The WPLA differentiates between the liability of a manufacture and that of a retailer.

The WPLA distinguishes between and imposes different standards of liability on manufacturers and product sellers for harm caused by defective products. See RCW 7.72.030, .040. As a general rule, manufacturers of defective products are held to a higher standard of liability, including strict liability where an injury is caused by a manufacturing defect or a breach of warranty. RCW 7.72.030(2). 2 In contrast, product sellers are ordinarily liable only for negligence, breach of express warranty, or intentional misrepresentation.
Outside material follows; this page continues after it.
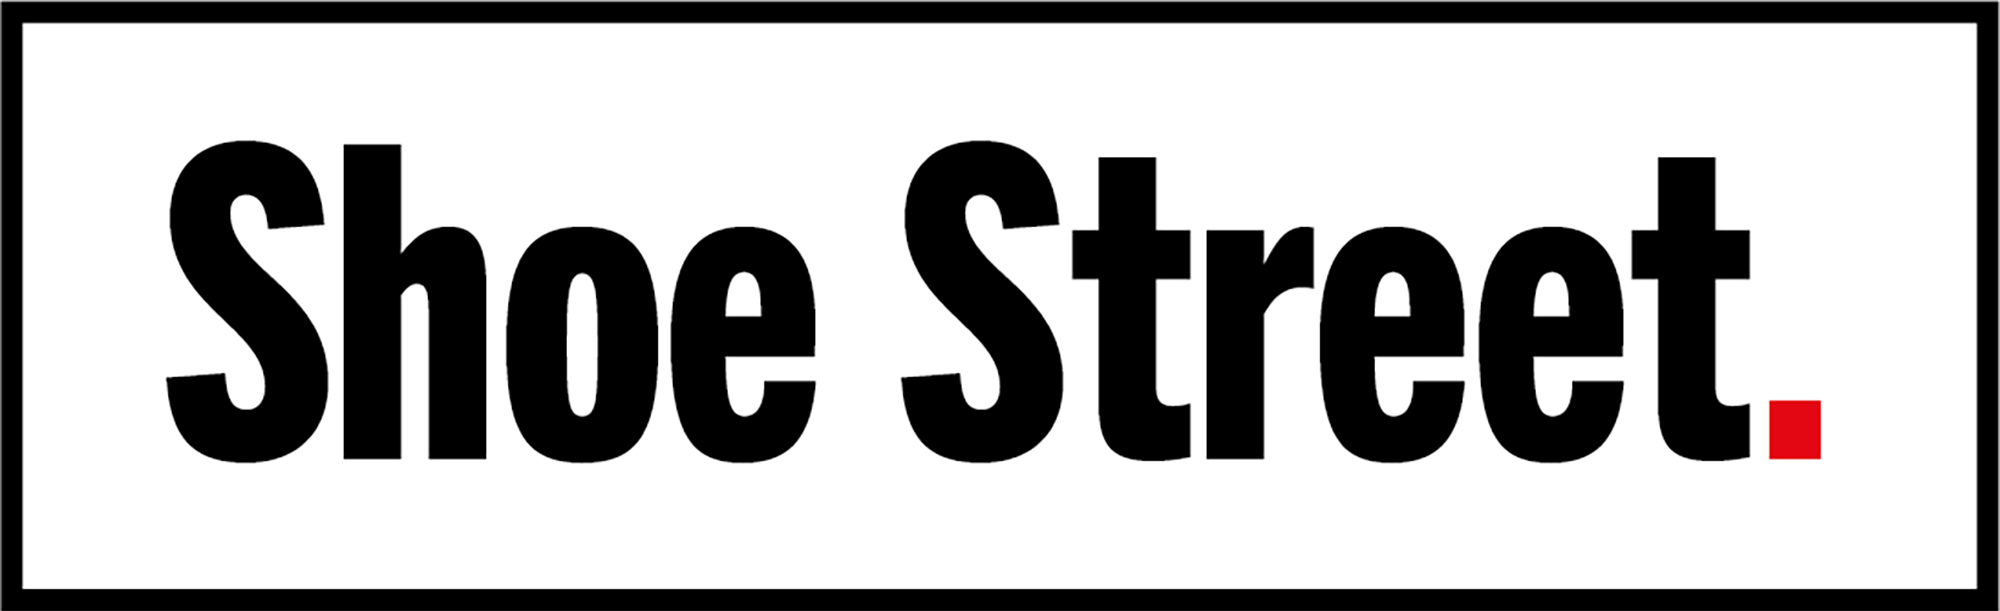 shoestreet.co.uk

This difference is major. If REI was not the retailer the plaintiff would have had to prove that REI was negligent. A manufacture can be held liable for a strict liability claim which limits the defenses available to the defendant. This difference made it easier to win the lawsuit against REI.

REI also argued that the actual manufacture, Aprebic, should be held equally or vicariously liable for the defects and the damages. However, the court held that for this aspect of the case, whether or not Aprebic was liable did not matter. REI was liable and that was all that mattered to the court and subsequently to the plaintiff. REI and Aprebic could sue each other later to determine who owes who money.

The motion for summary judgment was based the strict liability claim. Remember in this case, although REI is only a retailer, by branding the product with its name, it is now held to the liability of a manufacture.

Washington by statute defines the liability of a manufacture if found liable for strict liability as:

A product manufacturer is subject to strict liability to a claimant if the claimant’s harm was proximately caused by the fact that the product was not reasonably safe in construction or not reasonably safe because it did not conform to the manufacturer’s [*9] express warranty or to the implied warranties under Title 62A RCW.

(a) A product is not reasonably safe in construction if, when the product left the control of the manufacturer, the product deviated in some material way from the design specifications or performance standards of the manufacturer, or deviated in some material way from otherwise identical units of the same product line.

The standard of manufacturing in this case was simple proof that the product was not reasonable safe. That is a very low standard to be proved by the plaintiff.

The plaintiff and defendant hired expert witnesses. The plaintiff’s expert witness opined that the front fork was not manufactured correctly. The plaintiff’s expert stated several specific issues with the fork that he found were the cause of the failure which caused the accident.

REI’s expert was not as specific in his findings from the way the Washington Appellate Court quoted him. The court quoted him using the following terms and phrases: “there is presently insufficient information to rule,” “the nature of the fracture was not determined” and “that additional laboratory testing should be conducted.” This hesitancy or non-specific language in the defendant’s expert witness report was grasped by the court as proof the expert witness of the plaintiff was correct.

So?
 
If you are a retailer you should understand the strict liability laws of your state to see how you are defined for products you brand with your name. In any case, you need to make sure that all products that come into your store are manufactured correctly and are not defective. In many cases, you may not be able to do that, such as the case a carbon fiber front fork.

If you are using third parties to manufacture products for your store you may want to have an agreement outlining the liability of the parties. You should also receive indemnification for product liability claims when you have no part of the manufacturing process. This means receiving more than a certificate of insurance. Most certificates of insurance simply prove the person providing the certificate has insurance. Not that the insurance policy is going to be available to use to pay claims.